The first church was born in here among the nations. Also the first  ecumenical councils which marked the Catholich faith took place in this region that is known as Turkey nowadays.

Once Turkey was a secular country, now is currently experiencing an Islamic renaissance. Are Christians experience any discrimination due to their belief?

– I would not say that Christians experience any discrimination generally. However, there may be some negative experiences in dealing with authorities or administrative services. In Turkey, the Catholic Church is not recognize as a legal entity. Nevertheless, if we talk about dialogue, I would say that there is a dialogue of life. Fro example Caritas Organization is a part of our Church, of our Archdiocese. There are Caritas Offices in every dioceses and they help everyone both  Christians and Muslims and all those need help.  We also meet the imams of our region in various occasion, for example on “Brotherhood Day”. I went to the mayor of the city with some of priests and had an occasion to offer a gift: the Turkish translation of Pope Francis’ encyclical Fratelli tutti. The encyclical Laudato si’, which deals with environmental issues that affect all of humanity, has also been translated into Turkish.

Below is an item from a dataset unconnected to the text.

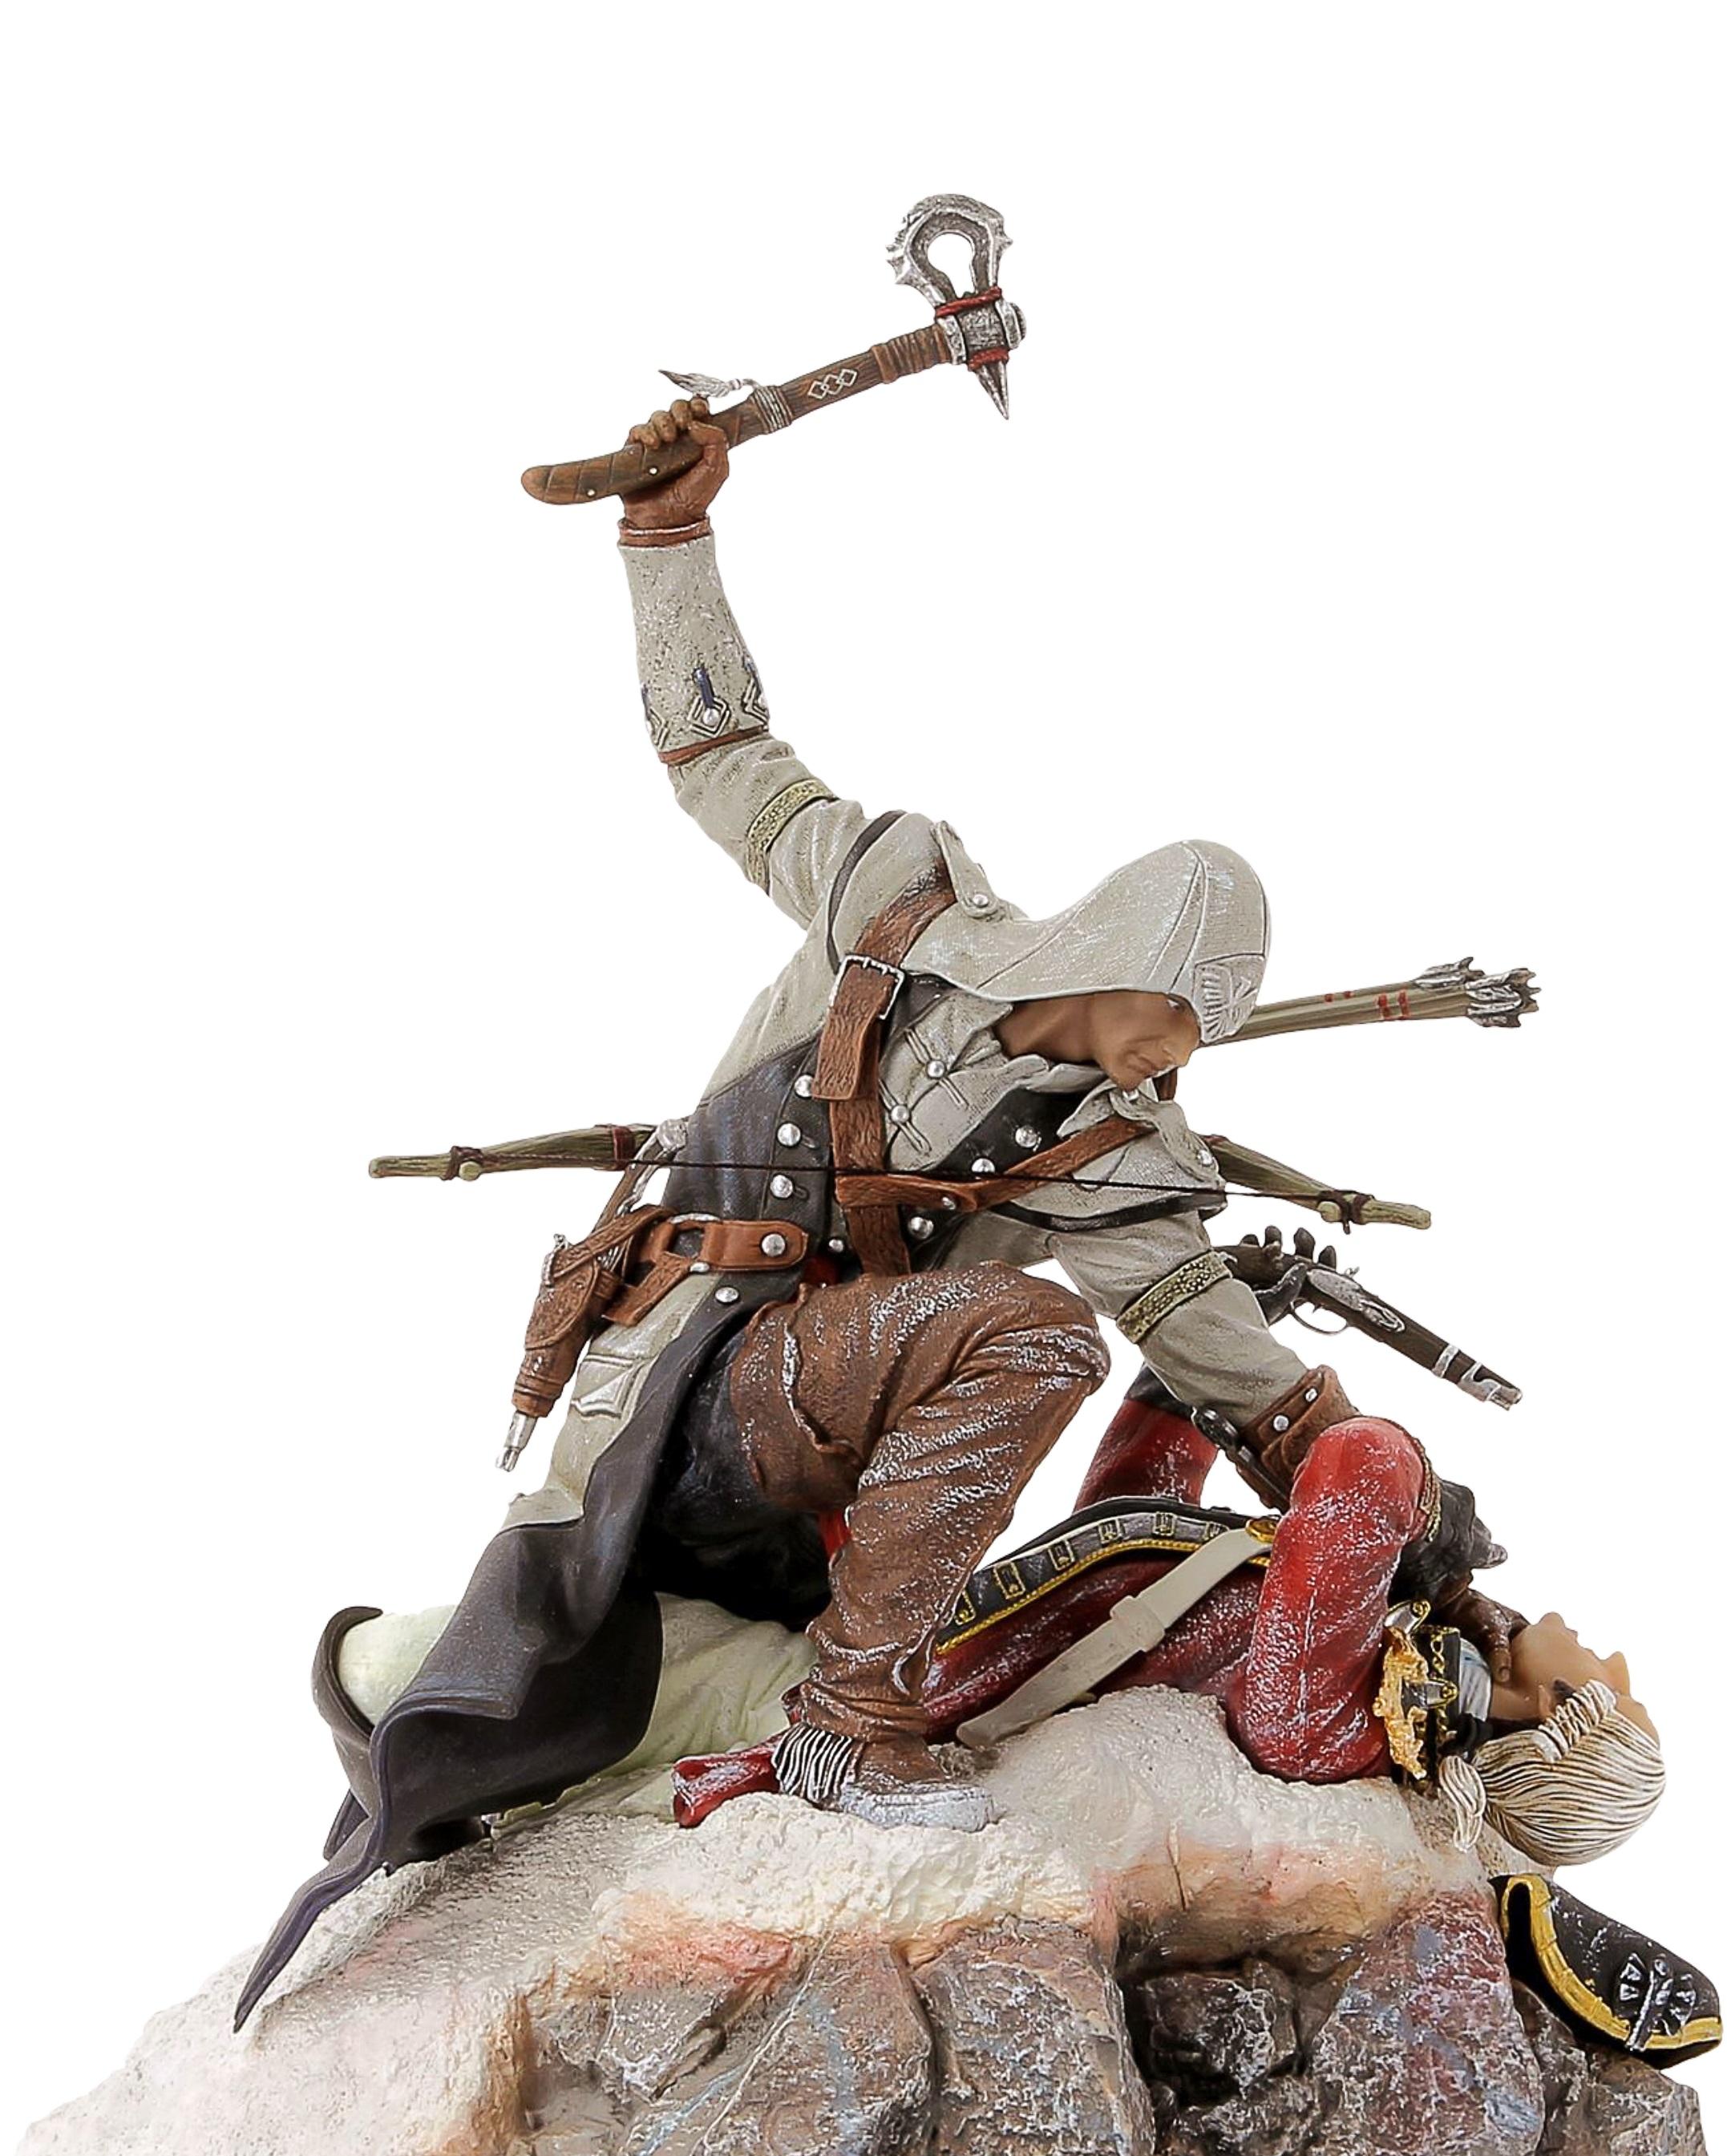 Фигурка Assassins Creed III: Connor – The Last Breath (28 см)Ubicollectibles представляет новинку – фигурку Assassins Creed III: Connor – The Last Breath  – воссоздание сцены из захватывающего трейлера-анонса Assassins Creed III.<br>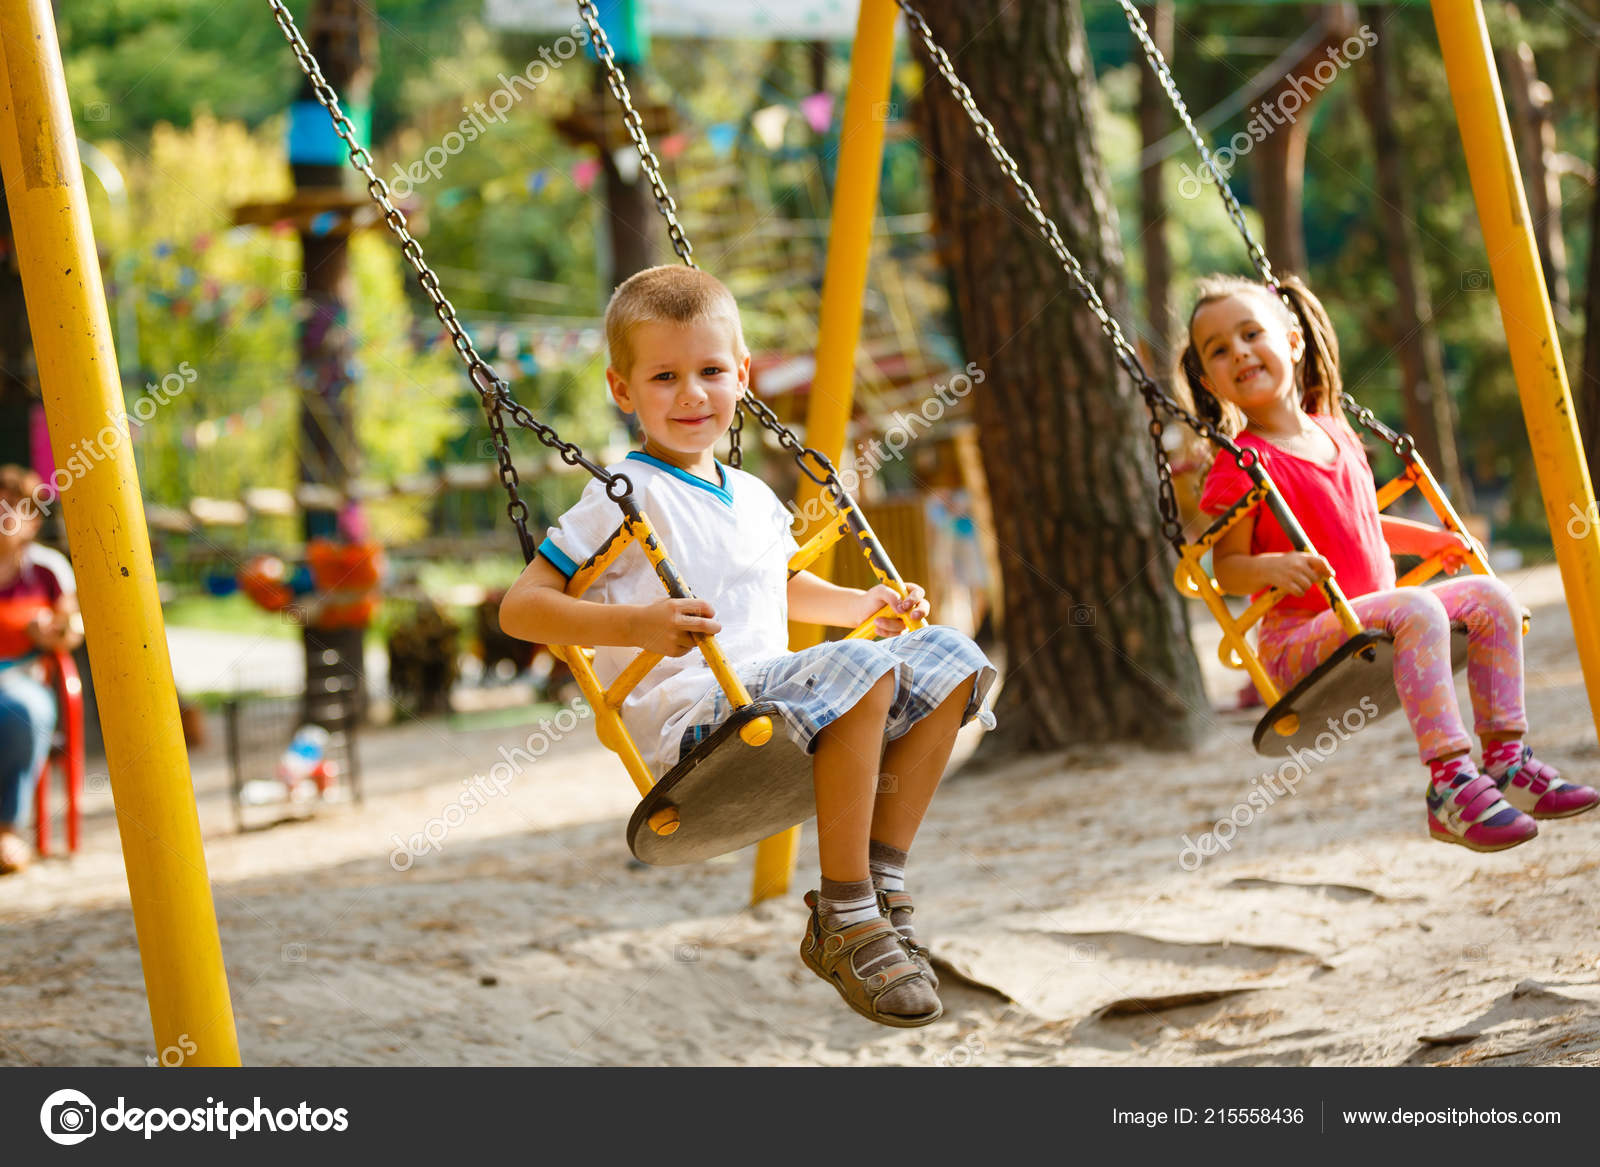 7c4277e2a9f Χαμογελώντας Μικρό Κορίτσι Και Αγόρι Μια Κούνια Παιδιά Που Παίζουν ...

Is there an ecumenical dialogue in Turkey?

We have generally good relationships with the other Christian Churches. The Ecumenical Patriarch of Constantinople, His Beatitude Bartholomew I, maintains good relations with the Focolare Movement and the new Apostolic Vicar of Istanbul, Bishop Massimiliano Palinuro. In Izmir, we also meet the Orthodox Churches, but also the Anglican ones, on various Christian holidays. Recently, Armenian priests celebrated an Armenian liturgy in our Catholic Church of Saint Polycarp, because they do not have their own church in Izmir. We also collaborated with the Armenians of Izmir to open a small bookstore for the Bible Society. So there are good signs of ecumenical dialogue.

Turkey is a very popular country for vacationers. Is it important for Christians visiting Turkey, also visit Christian churches?

Yes, it is very important. I would like to remind them that the origins of our faith are here. Here was born the first Church among the nations. The first ecumenical councils, which marked the Catholic faith, took place in this territory, now it is known as Turkey. The mission for Europe was born here. We have a German priest who takes care of the Catholics of German origin living here to support our pastoral activities. I would be happy if we could find another priest to serve the other communities, at least in the summer during the tourist season. But it also requires a financial support. Perhaps the European Council of Episcopal Conferences could think of ways to help us.